[rhelv6-beta-list] My first experiences with RHEL6 beta

Nico Kadel-Garcia nkadel at gmail.com
Sat Jun 12 17:40:48 UTC 2010


This was a long comment from Jon Masters. I'll focus on one point.

On Thu, Jun 10, 2010 at 2:03 PM, Jon Masters <jcm at redhat.com> wrote:
> On Thu, 2010-06-10 at 17:19 +0800, John Summerfield wrote:
>
>> First, I did a text install. I was very surprised how many pointless
>> questions it asked, and how many sensible ones it didn't ask. Like, "Do
>> you wan swap?"
>
> Can you let us know if there was a reason that you could not do a vnc
> install? This will give you a lot of flexibility during installation.
>
>> I do not want swap. I especially do not want 2 Gbytes of swap on a test
>> virtual machine.
>
> It can be a little frustrating to use virtual disk space for swap
> volumes, but it is highly recommended in general by the Linux community
> that you use a swap volume. As has been pointed out, LVM really does
> mitigate a lot of the file-vs-volume issues. The kernel really likes
> having swap because it is able to better manage cacheing and virtual
> memory with the option to page stuff out to disk. Even under virt.,
> there are many good reasons to have swap around. There is separate work
> ongoing upstream to reduce double-cacheing type situations, but they
> don't pertain to using swap space with a virtual machine.
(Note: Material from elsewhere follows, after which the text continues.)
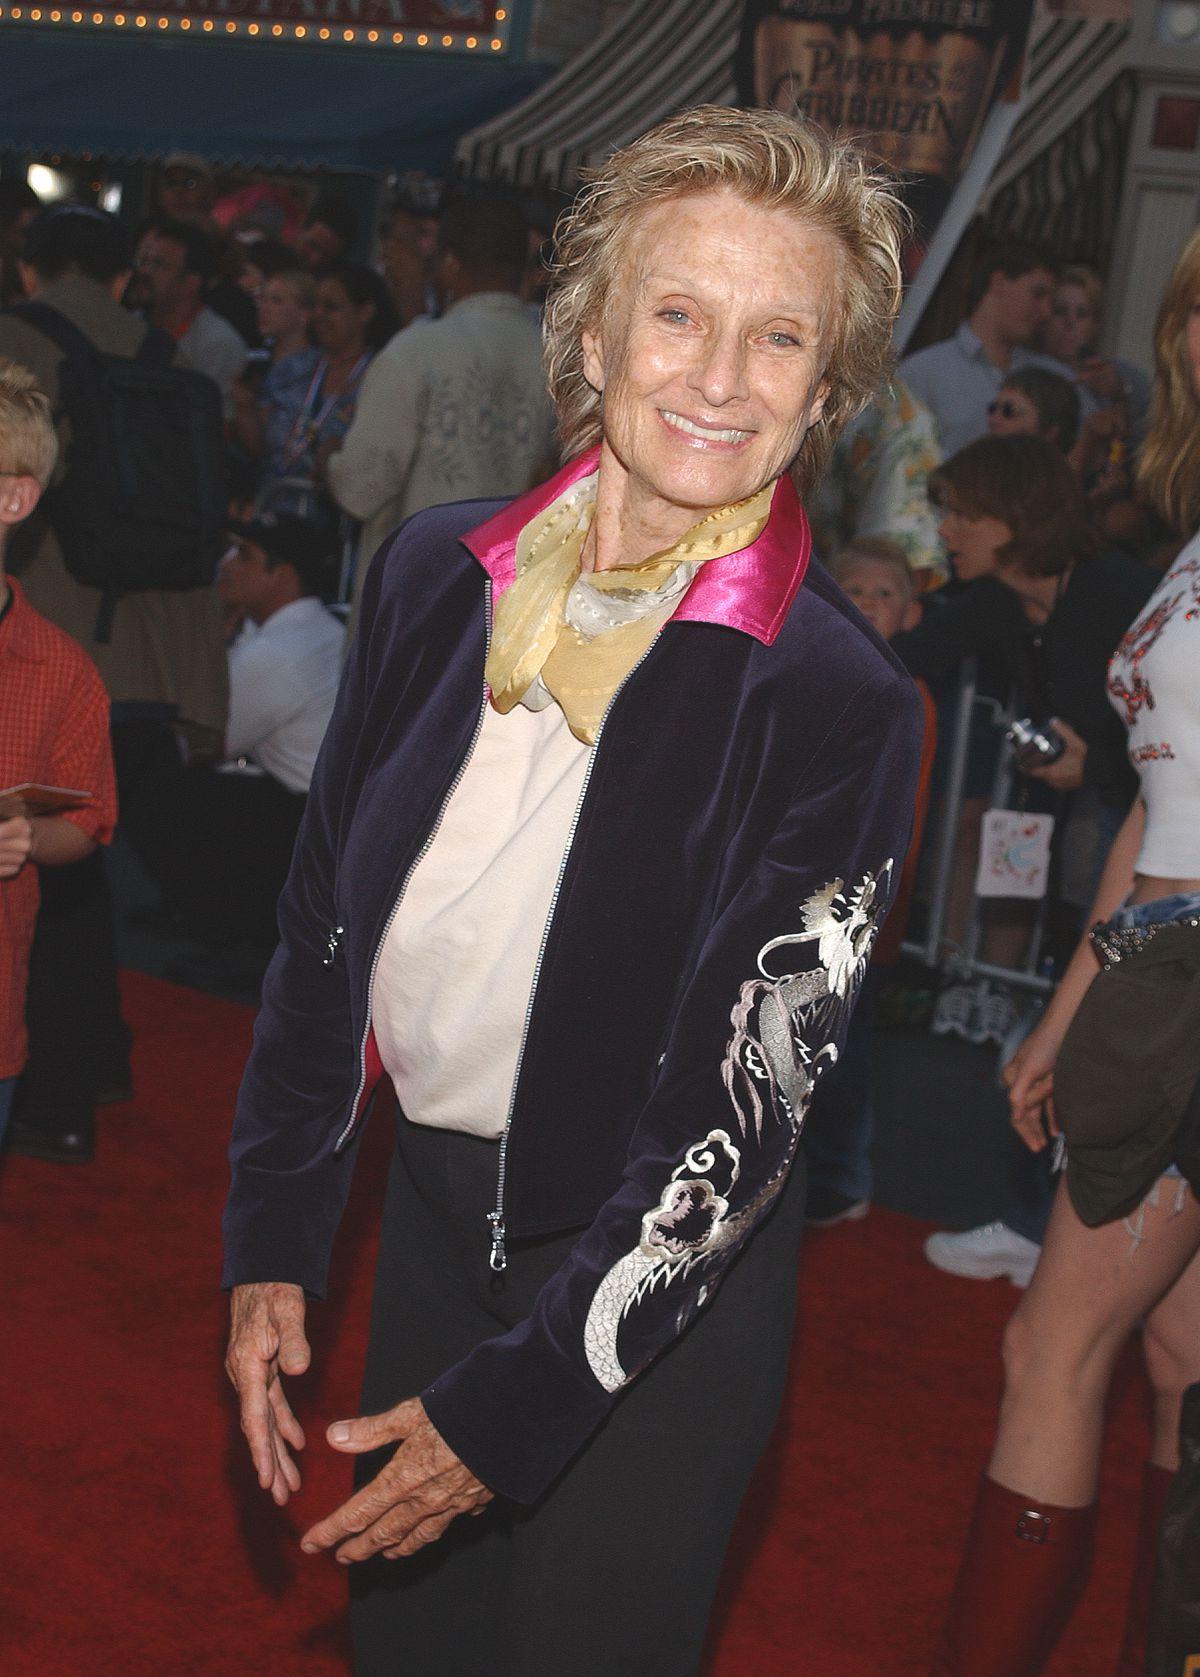 Cloris Leachman at the Pirates premiere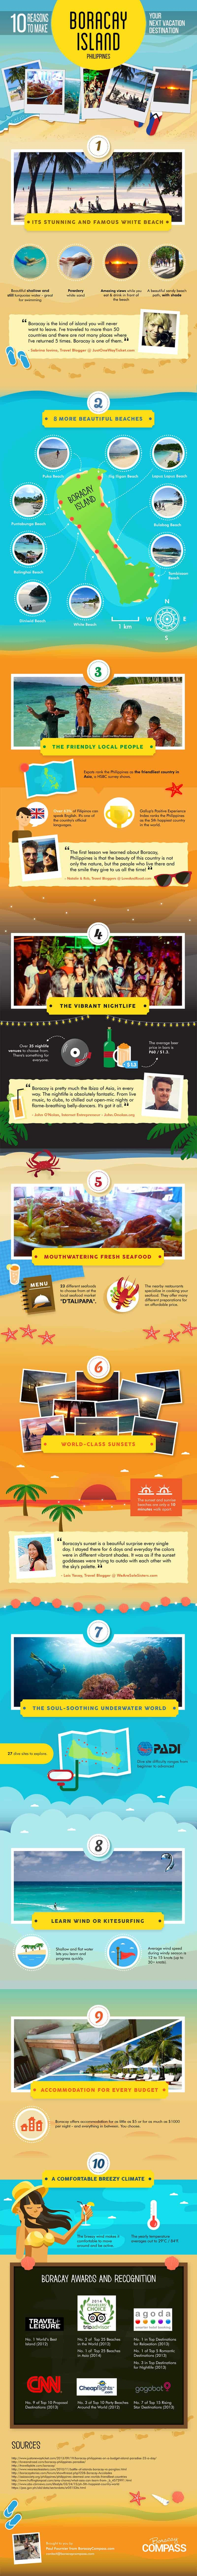 10 Reasons To Make Boracay Island Your Next Vacation Destination

Nonsense. While LVM is useful for re-allocating disk space for
alternative partition layouts, and its snapshot capability is very
useful in some environments, and it can handle this reasonably
gracefully, it does absolutely nothing for resizing the filesystems.
That requires more sophisticated tools, which so far as I can tell
remain poorly integrated with Linux. There are a few tools that take a
shot at thus, such as the Gnome parted utility (gparted, often
mis-identified as GNU parted). That's a very powerful and flexible
tool, and I'd have loved to use it for the "4096 byte block virtual
image alignment" problem, but it doesn't have resolution down to
sectors, only to cylinders, so I couldn't use it.

The LVM tools also suffer from rather inconsistent formats and
syntactical usage. Mounted disk partitions show up as
/dev/[volgroup]/[logvol]. But that "file" is actually a symlink to
/dev/mapper/volgroup-logvol. The result is that, for example, such
partitions used for swap don't show up as "/dev/[volgrouup]/[logvol]",
they show up with the actual /dev/mapper/* name, and the contents of
/proc/swap have to be parsed appropriately to go with that.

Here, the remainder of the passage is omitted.